A proper noodle kugel should be golden brown. On this my mother, grandmother, and aunts agreed, soft in the center and crisp on the outside. But sweet or savory?
The Yiddish word kugel comes from the German word kugel which means sphere. While the early German puddings were made with flour that would often puff up into a spherical shape; The Ashkenazi Jews in Europe, my ancestors, decided to try something different. They took the idea of baked pudding and began using noodles, potatoes and sometimes vegetables as the primary ingredient.
My grandmother made a noodle dish she served with her roasted chicken. Skinny egg noodles were fried in butter and set on top of Lokshen noodles. Lokshen noodles are wide egg noodles that often tangle when they cook, making them difficult to separate. Considered to be symbolic of Jewish unity, they are traditionally served on Shabbat, the Friday night dinner that marks the start of the Sabbath.

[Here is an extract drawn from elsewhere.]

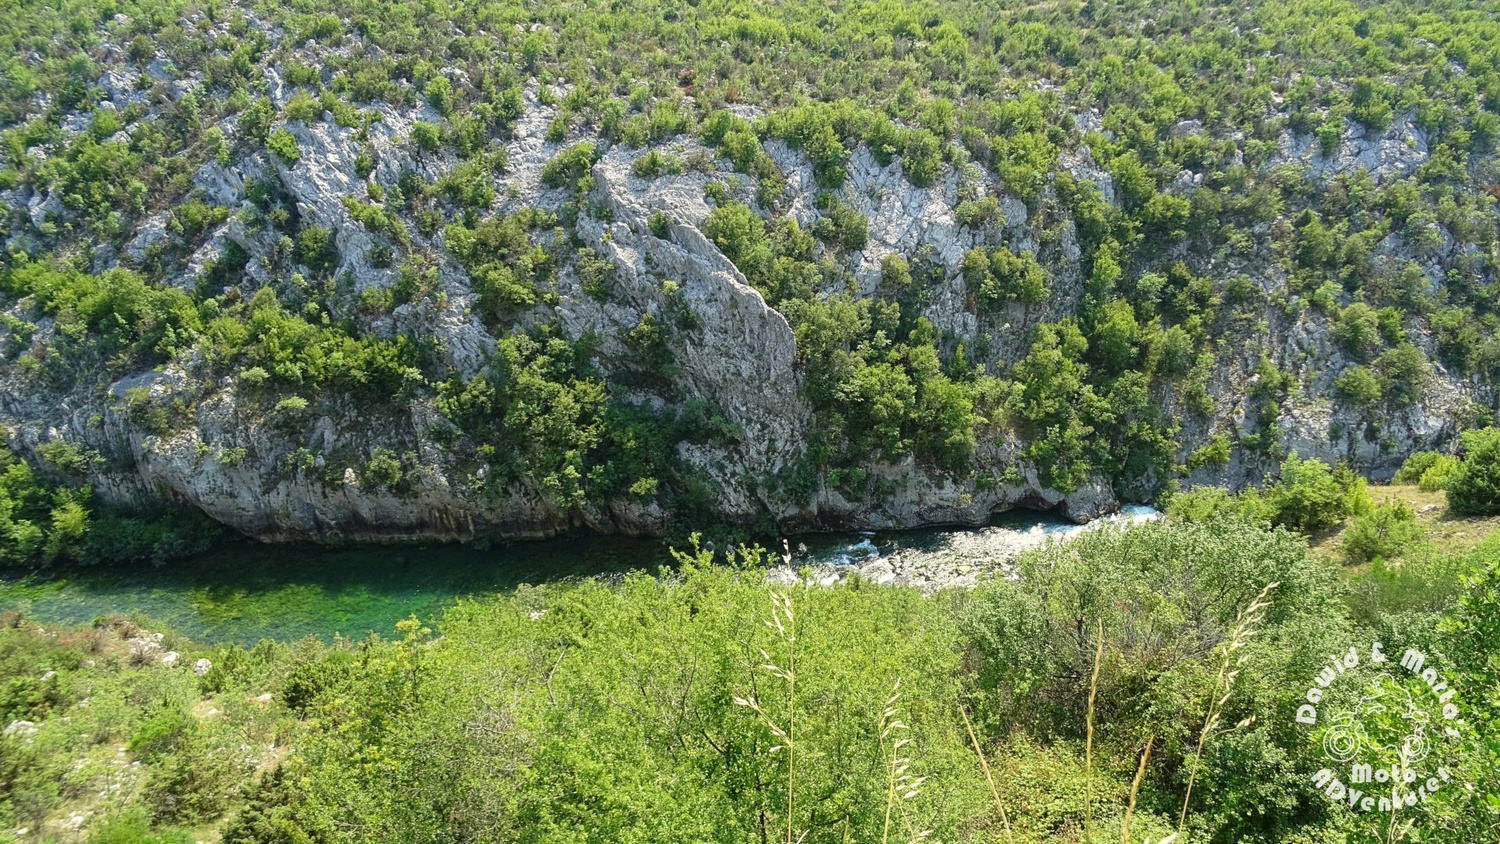 The Cetina River canyon bottom

Easy to make, or so it appeared, the temperature for the butter has to be just right or the noodles burn. I know this because I’ve tried to make this dish several times. In the process of making her dish, I came to realize her noodles were an attempt to replicate noodle kugel without the mixing and baking. Even better, in my opinion, is actual noodle kugel.
My mother made her noodle kugel with leftover noodles. She’d mix in egg, cottage cheese, sauteed onions or chives and chopped parsley. I remember eating this as a side dish on chilly nights, with a slice of roast beef or lamb chop. In a kosher household, meat and dairy are never served together. The kugel made with cheese would be the main dish served with bread, vegetables and salad.
In our household, noodles made frequent appearances. Extra cooked noodles from a previous meal might reappear in the breakfast dish my father called “egg foo yung” composed of various leftovers from our previous night’s dinner mixed into scrambled eggs.
I heard my mother talk about her grandmother’s noodles, sliced by hand from rolled out dough. Rapidly she cut them with a sharp knife before throwing them into boiling water. Noodles were added to chicken soup. Noodles were served alongside a brisket smothered with onions, carrots and potatoes
Aunt Rose made her noodle kugel with raisins, milk, egg, cinnamon and a teaspoon of sugar. She served her noodle kugel at Hannukah dinners and at Rosh Hashana when you greet the New Year with something sweet.
Sweet or savory, a homemade noodle kugel made with love is a treat.